The function wack_float() is defined as follows:

float
wack_float (register float u, register float v)
{
  register float l = u, r = v;
  l = add_float (l, r);
  return l + r;
}

The test case places a breakpoint in add_float(), runs to that
breakpoint, and then goes up a frame to examine and modify certain
variables.

The lifetime of `l' with value obtained from `u' ends with invocation
of add_float().  (More precisely, it ends as soon as l's value is
copied to the argument register for the call to add_float().)  The
result of the add_float() call is placed in `l' when the call is
finished.

Thus it's perfectly acceptable (though a bit perverse) to put l's value
in the ra register.  (However, given that this is occurring at -O0, it is
also very annoying that the user is unable to inspect l's pre-call
value.)

In any case, due to the fact that the lifetime of l-with-the-value-of-u
ends once the call to add_float() is set up, the compiler is then free
to use ra for other purposes which, of course, during a call, is used
to temporarily hold the return address.

This is why the test fails to print the old value of 'l'; the register
to which it was assigned is now being used for another purpose, i.e,
holding the return address.

And, moreover, it explains the BUS error after the assignment: 
add_float() is a leaf function and, therefore, does not need to save
ra on the stack.  So it simply uses it as is not expecting it to be
changed upon return.

That BUS error is reponsible for many cascade failures later on.

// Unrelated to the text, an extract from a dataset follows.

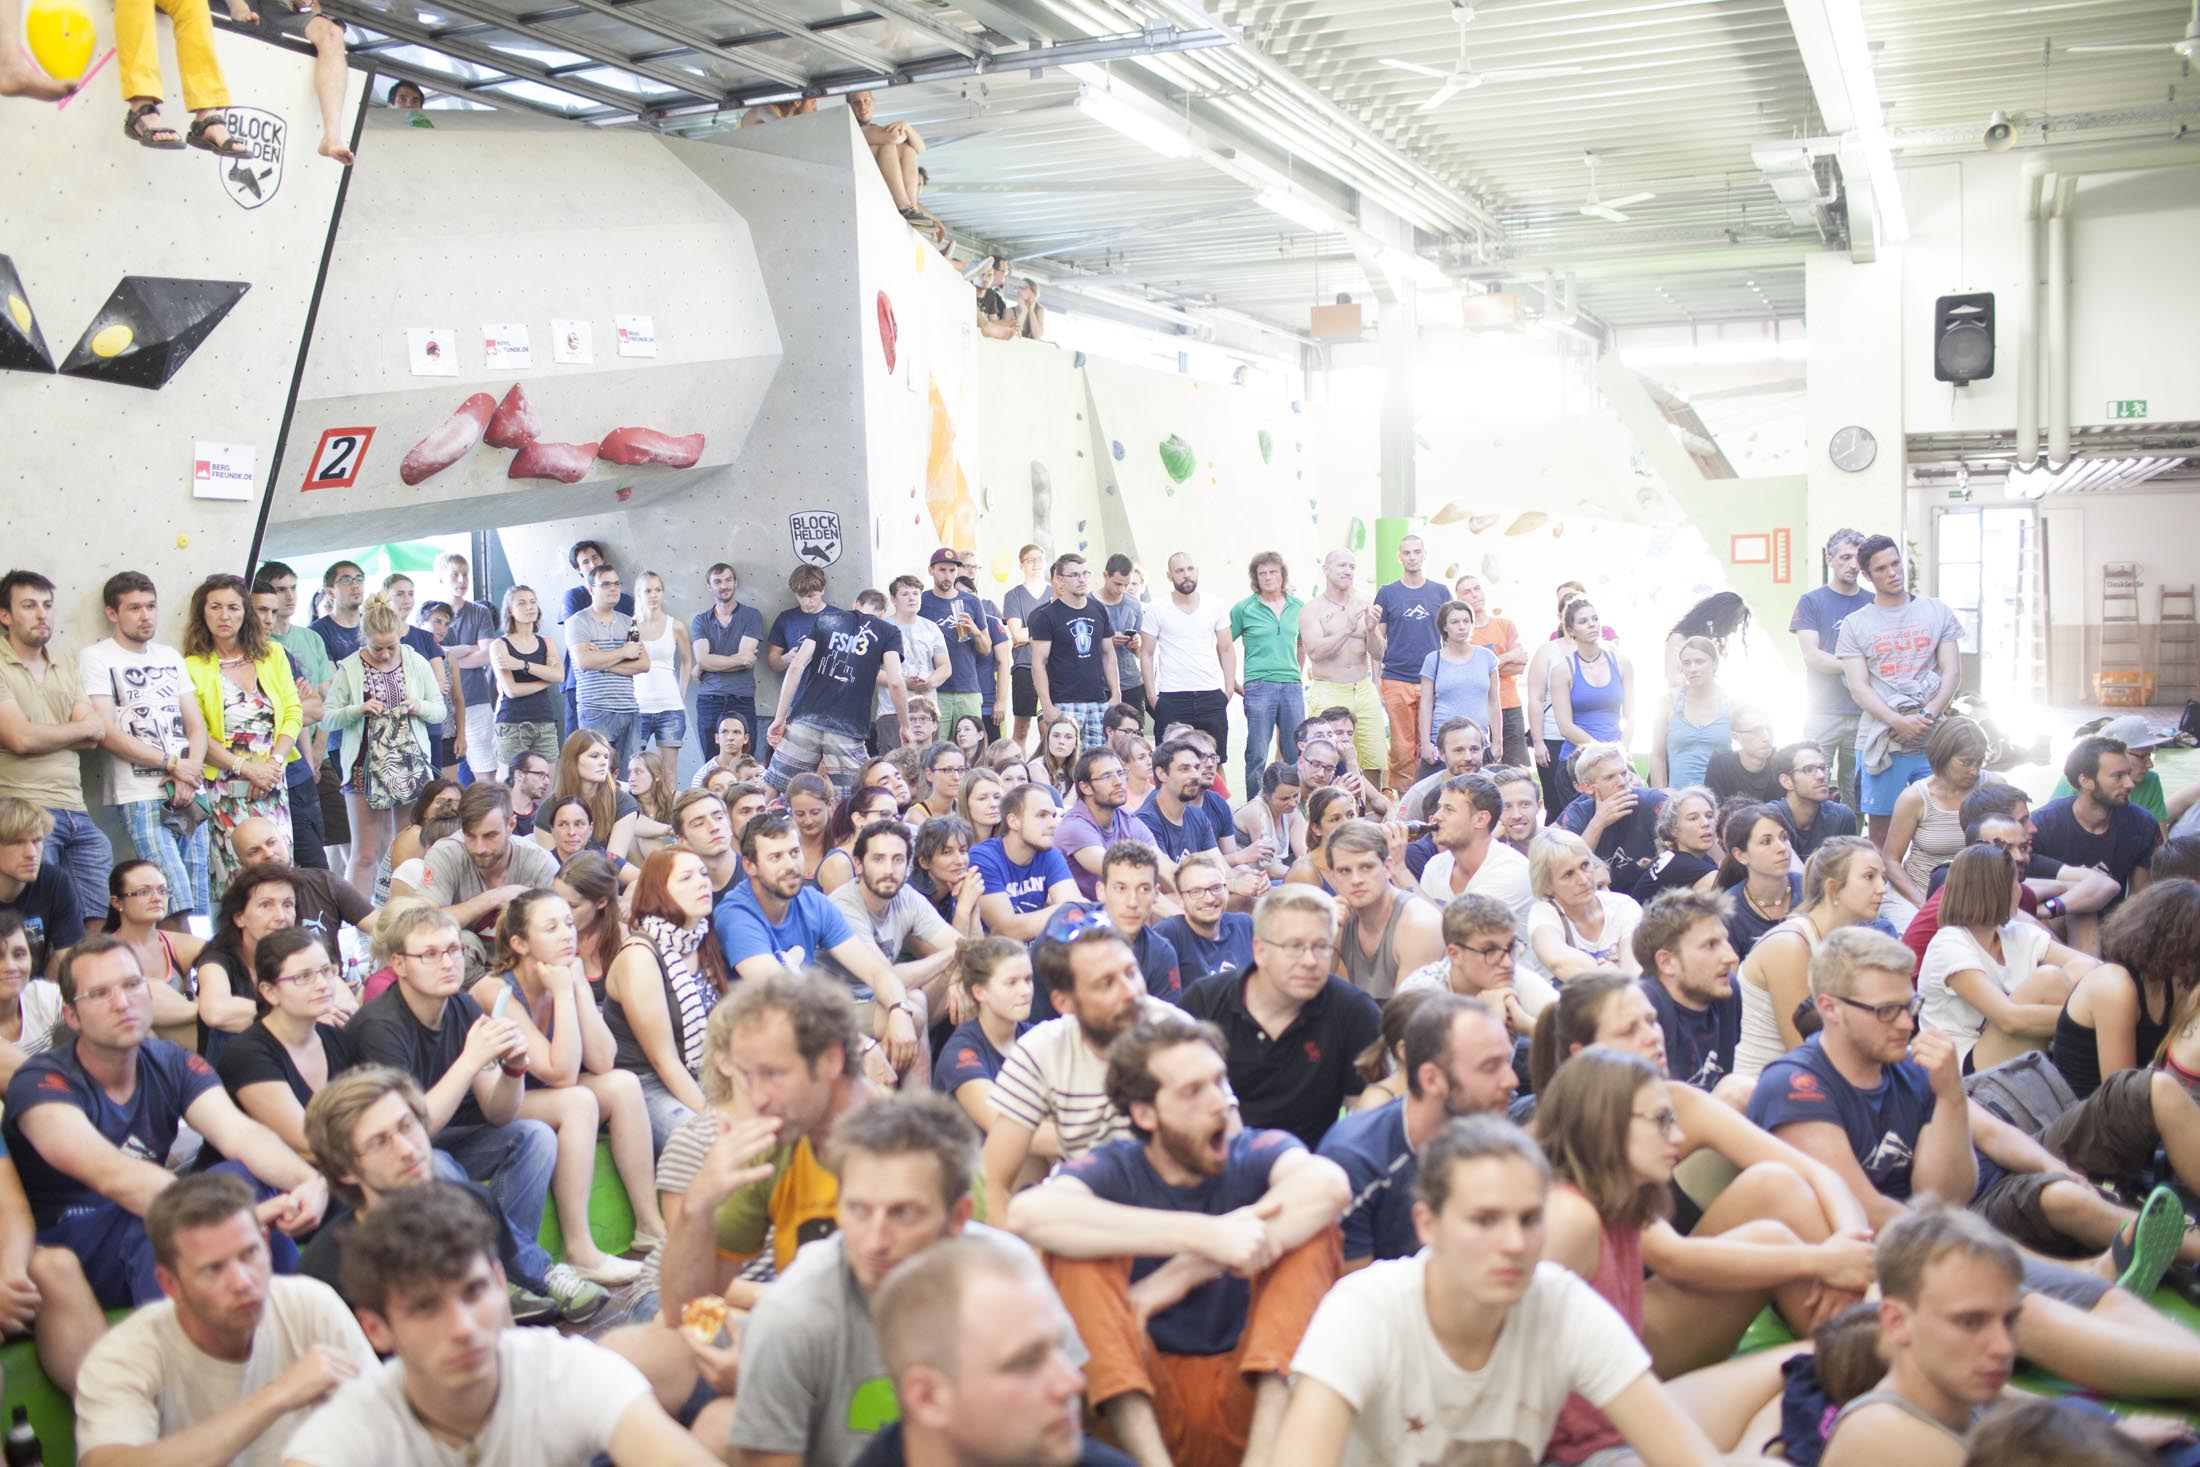 Finale, internationaler bouldercup Frankenjura 2016, BLOCKHELDEN Erlangen, Mammut, Bergfreunde.de, Boulderwettkampf07092016684

My fix, below, is to assign (via GDB's "set variable" command) to `r'
instead of `l' since the lifetime of r's value set at the beginning of
the function extends beyond the call to add_float().  The patch also
causes 'r', instead of 'l', to be examined immediately after the
assignment.

It won't fix the initial failure with `l' apparently having the wrong
value.  I think this test ought to be preserved to remind us - should
it fail - that although GCC's generated code might be correct, it is
not as useful as it should be for debugging purposes.

This fix does prevent the BUS error and the resulting cascade
failures.  Stopping the cascade failures is important because we can
then determine if there are any real failures amidst the cascade.

Comments?

	* gdb.base/store.exp (proc up_set): Set, and check, the variable
	`r' rather than `l' due to the fact that the lifetime for the
	pre-call value for `l' need not extend beyond the call of
	add_<type>.

Index: testsuite/gdb.base/store.exp
===================================================================
RCS file: /cvs/src/src/gdb/testsuite/gdb.base/store.exp,v
retrieving revision 1.17
diff -u -p -r1.17 store.exp
--- testsuite/gdb.base/store.exp	1 Jan 2011 15:33:43 -0000	1.17
+++ testsuite/gdb.base/store.exp	19 Jan 2011 22:22:38 -0000
@@ -95,10 +95,10 @@ proc up_set { t l r new } {
 	"${prefix}; print old l, expecting ${l}"
     gdb_test "print r" " = ${r}" \
 	"${prefix}; print old r, expecting ${r}"
-    gdb_test_no_output "set variable l = 4" \
-	"${prefix}; set l to 4"
-    gdb_test "print l" " = ${new}" \
-	"${prefix}; print new l, expecting ${new}"
+    gdb_test_no_output "set variable r = 4" \
+	"${prefix}; set r to 4"
+    gdb_test "print r" " = ${new}" \
+	"${prefix}; print new r, expecting ${new}"
 }
 
 up_set "charest" "-1 .*" "-2 .*" "4 ..004."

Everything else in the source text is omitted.